■ Collected data
=-=-=
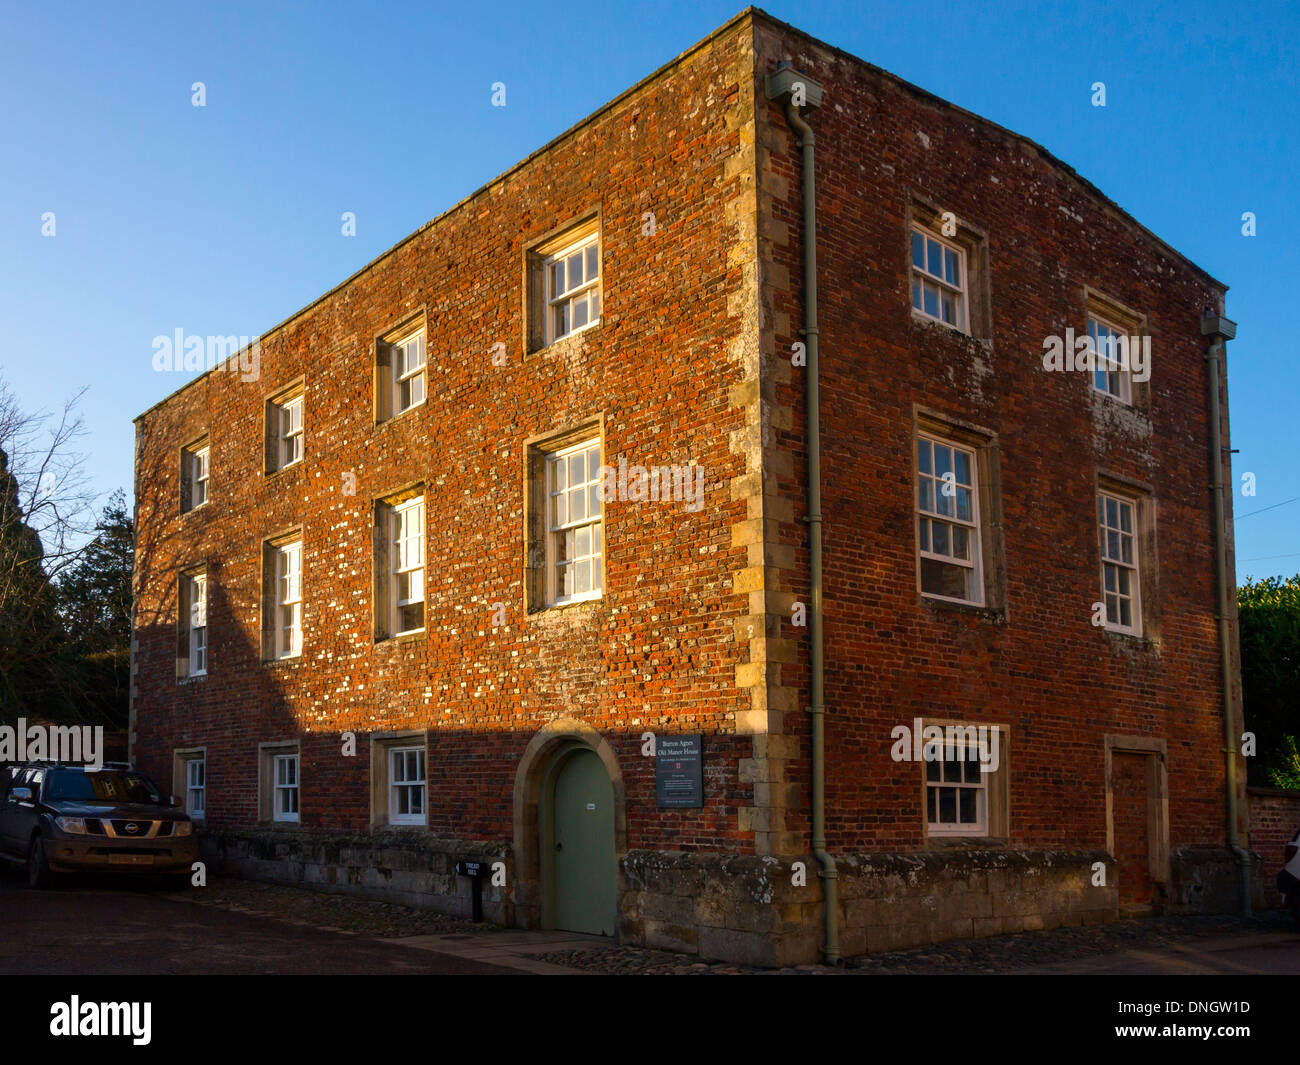 Medieval Burton Agnes Manor House exterior  built 15th Century exterior encased in brick during the 17th and 18th centuries. Stock Photo
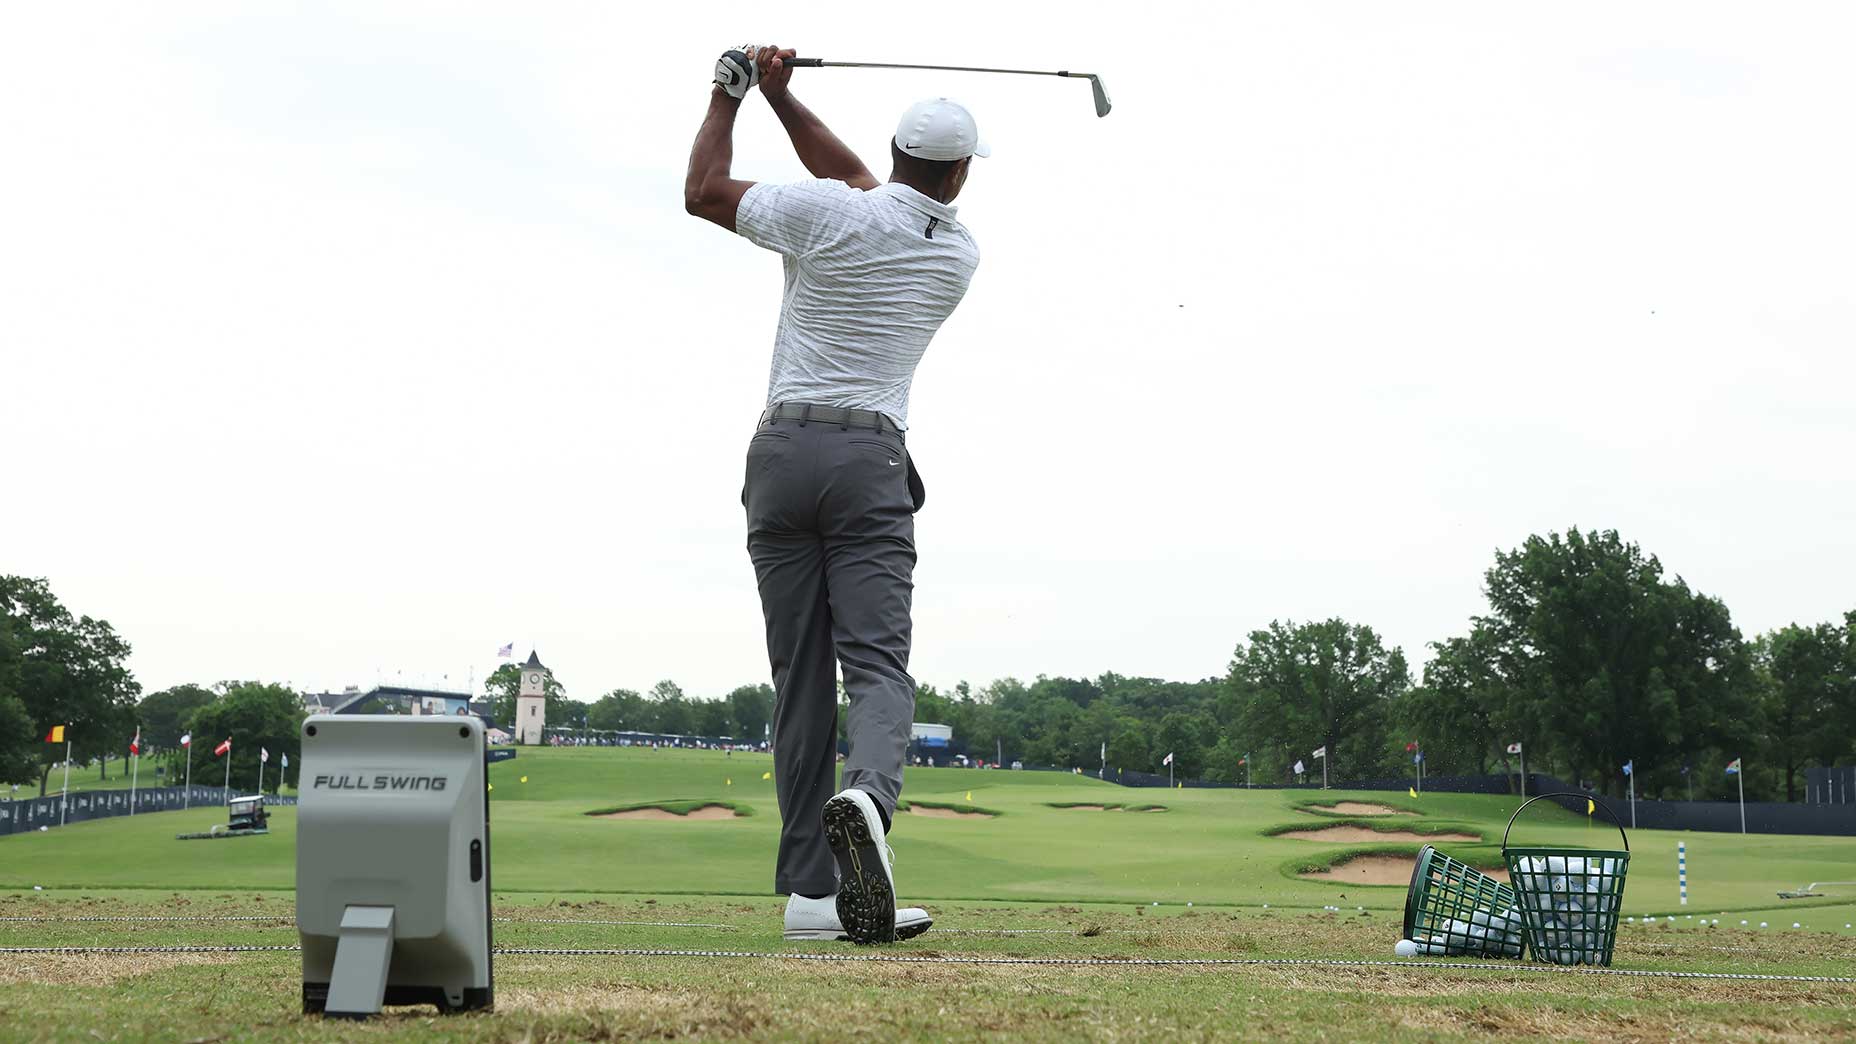 Tiger Woods hits a shot on the range on Wednesday.
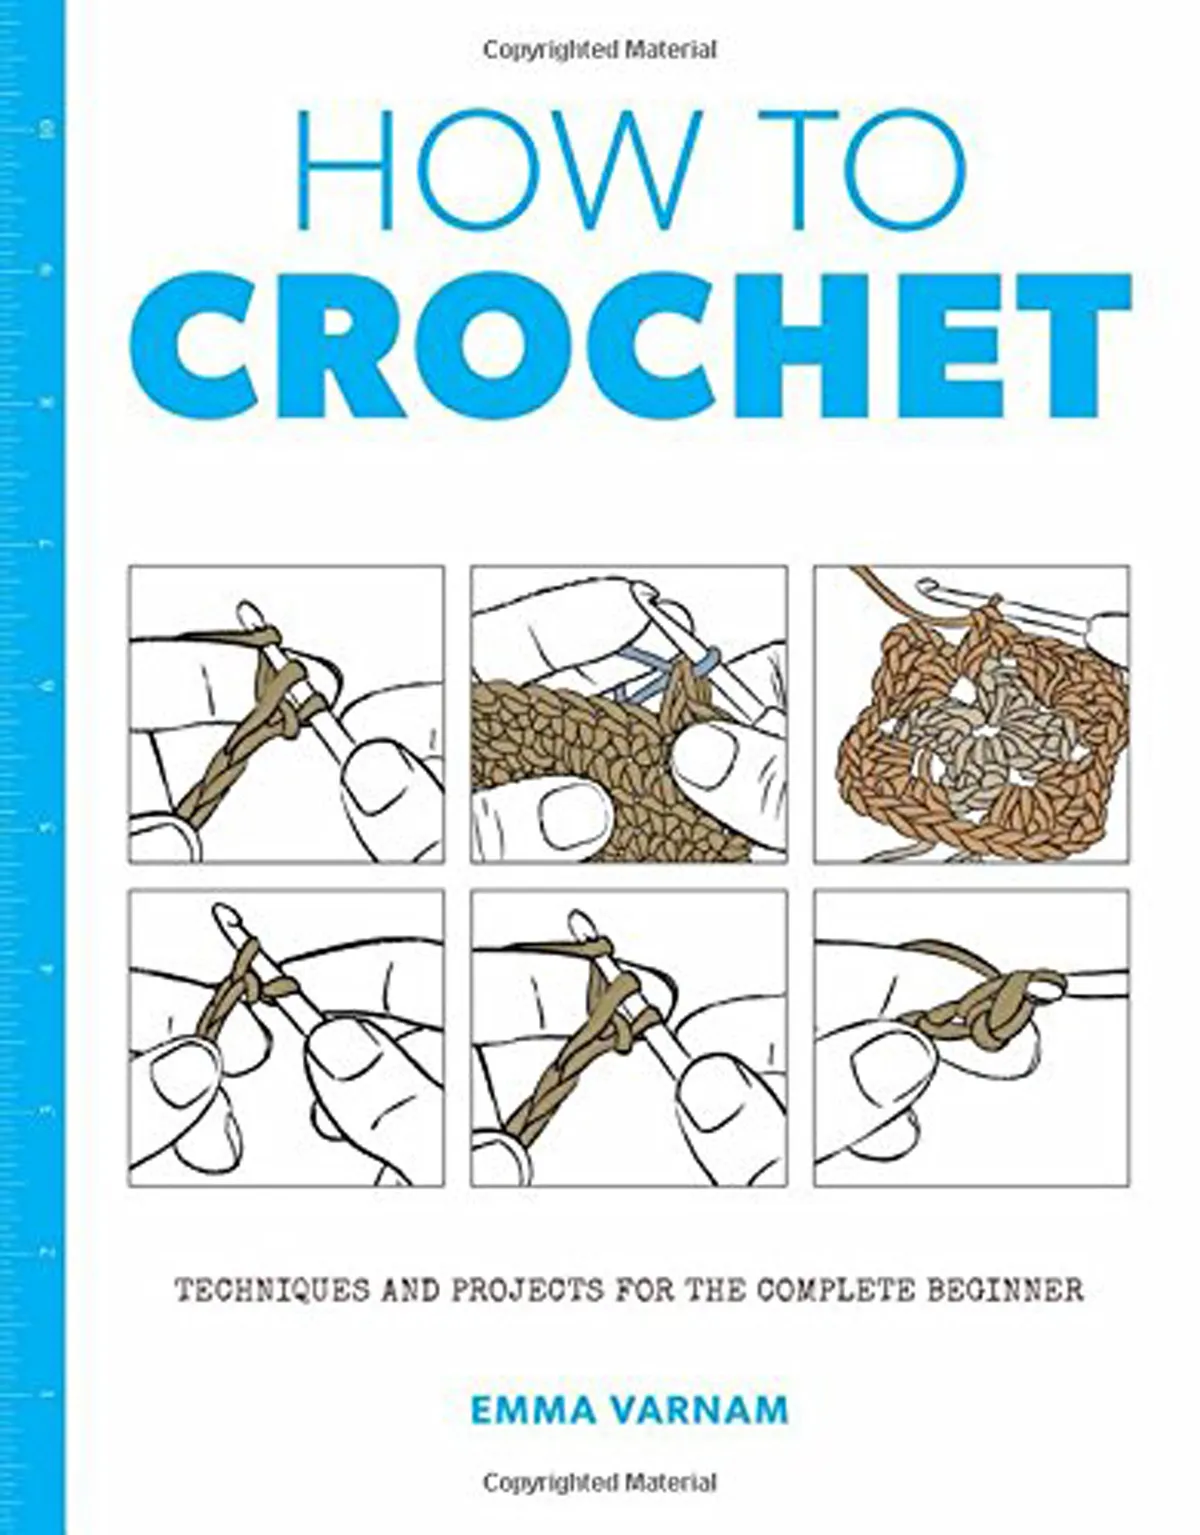 Crochet for Beginners: A Stitch Dictionary with Step-by-Step Illustrations  and 10 Easy Projects
=-=-=
■ Work order
Your task is to restate word for word the lines from the one containing "Tiger Woods hits" through the last line of the data, both ends included, with no pictures.

■ Task answer
 Tiger Woods hits a shot on the range on Wednesday.
 Crochet for Beginners: A Stitch Dictionary with Step-by-Step Illustrations  and 10 Easy Projects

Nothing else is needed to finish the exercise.